What would you do if you knew you couldn’t fail?  It’s one of those questions that circulates on mass forwarded emails from your lonely aunt who has too much spare time.  It’s a stupid question.  Who does anything without weighing the pros and cons?  Real life is a delicate equation of cause and effect, and if you ignore that truth you will make mistakes.

When I was in the third grade my elementary school had a story-writing contest.  Whoever won would get their story made into a book.  A real, illustrated, hard-bound book.  I knew this was my big shot.  The only thing I ever wanted to be was a writer.  So I wrote a story about a girl named Charley who traveled to a land of missing socks inside her dryer.  I thought Charley was a cool name for a girl.  I remember sitting there cross-legged in the cheaply carpeted library when the announcement was made and another girl in my class won.  My nine-year-old creative spirit was crushed.

Growing up my life had no drama at all.
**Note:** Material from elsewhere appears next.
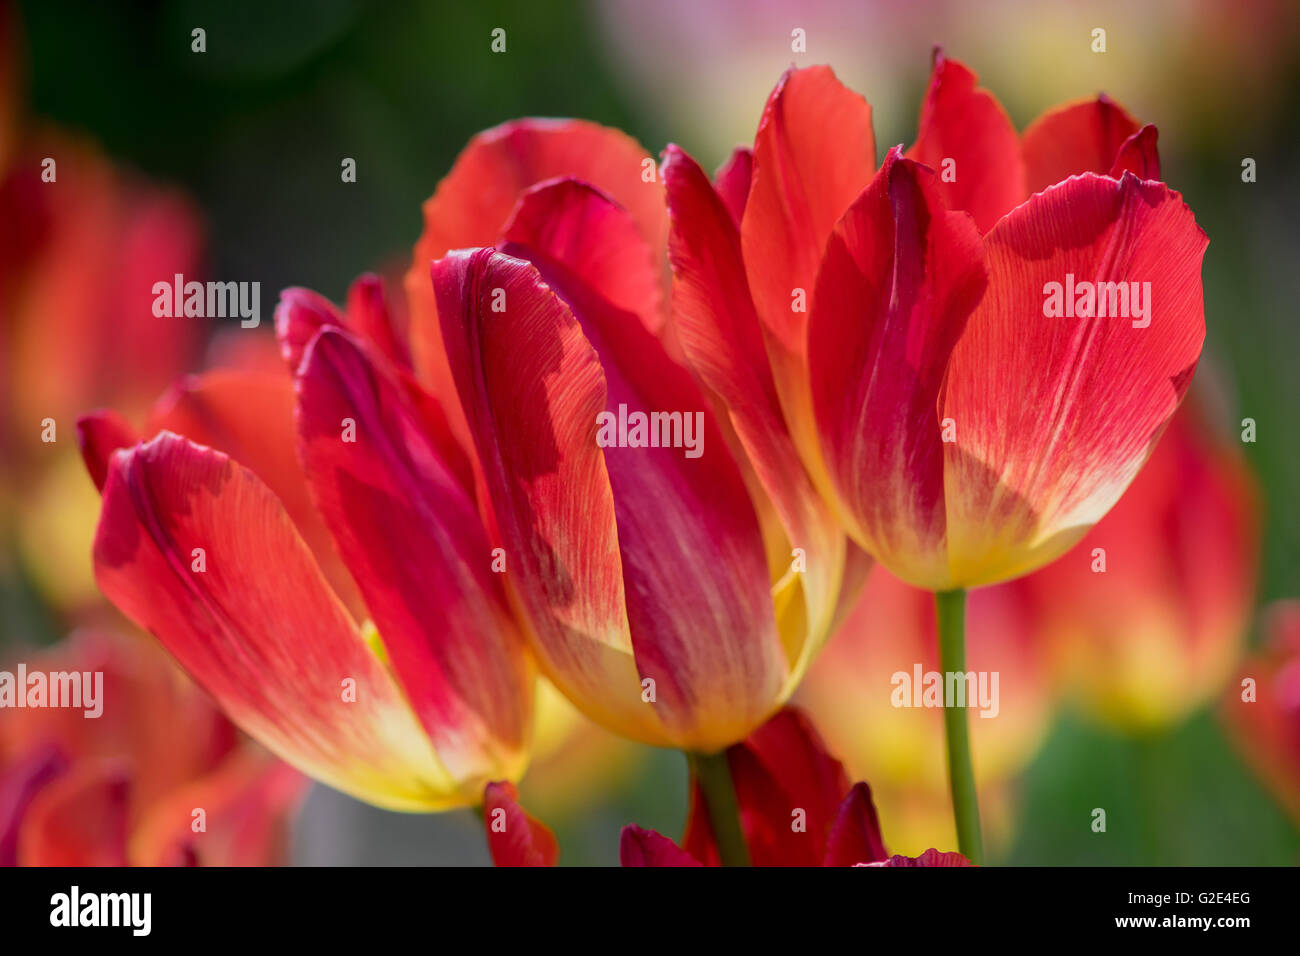 Three sunlit red and yellow tulips close up Stock Photo

I lived in a small town, had the same best friend from first grade on, and two parents who really loved each other.  The only interesting conflict/resolution I was going to get would come from a book.  Even then, I was in love with story.  I would come up with crazy ideas for novels about time-traveling girls and boys killed by acid rain.  I loved making up characters and feeling the weight of their lives.

About 18 months ago I was driving home from work listening to NPR.  Someone was reading a hilarious essay written by a stay at home dad.  At the end of the essay, the show’s host said the stay at home dad was a blogger and gave his name and the title of his blog.  That was the only introduction I needed.  I became enamored with the blogosphere overnight.  I read every blog I could find—on some of my favorite blogs I read years of posts—read them like novels.  They are about nothing in particular, but everything just the same.

That is how I realized that I am not a novelist like I’d hoped.  Instead, I am a non-fiction writer. I’m still completely absorbed by a good story, but I find that true stories are the best stories.  After a few weeks of reading blogs I began to wish I had my own blog.  The problem was I had nothing worth writing.  I have a degree in psychology and was working at a job I hated.  Life was pretty normal.  Extremely average.  But I couldn’t help myself, I needed something–just like when I was a kid reaching for a book–and that something was writing.

That was when I met Kate.  Well, I created Kate Blackwell as my pseudonym.  I wanted to write honestly about people I know, to tell their stories: setting, conflict, resolution.  I wanted to talk about issues with my spirituality and the places I call home.  This is something that I would never feel freedom to do without Kate.  I’m too scared of people not liking me, of saying something that offends.  I don’t want my neo-conservative family to know I think they are neo-conservative.  I don’t want my friends to know that I call them racist and shallow.  This is the crux of the non-fiction writer.  You can’t help but write about yourself; you have to get involved in it.

What would you do if you knew you couldn’t fail?    I would write.  Write like crazy.  Spend lazy mornings in pajamas with a cup of coffee and my laptop.  Kate answered that stupid question for me.  I still work 40 plus hours a week at a great job that I enjoy, but I enjoy it mainly because I have a life away from the office as Kate.

One day I will get rid of Kate and just be me.  William Zinsser says that to be a non-fiction writer you must have an ego.  You have to believe that your words are worth writing and your story is worth telling.  I’m starting to realize that now.  I couldn’t have done it without Kate, but eventually I will.

My hope is that somewhere here, you will read something that causes you to have an original thought—one that sticks with you, one that helps you make decisions and live in the delicate balance of the spiritual and the natural.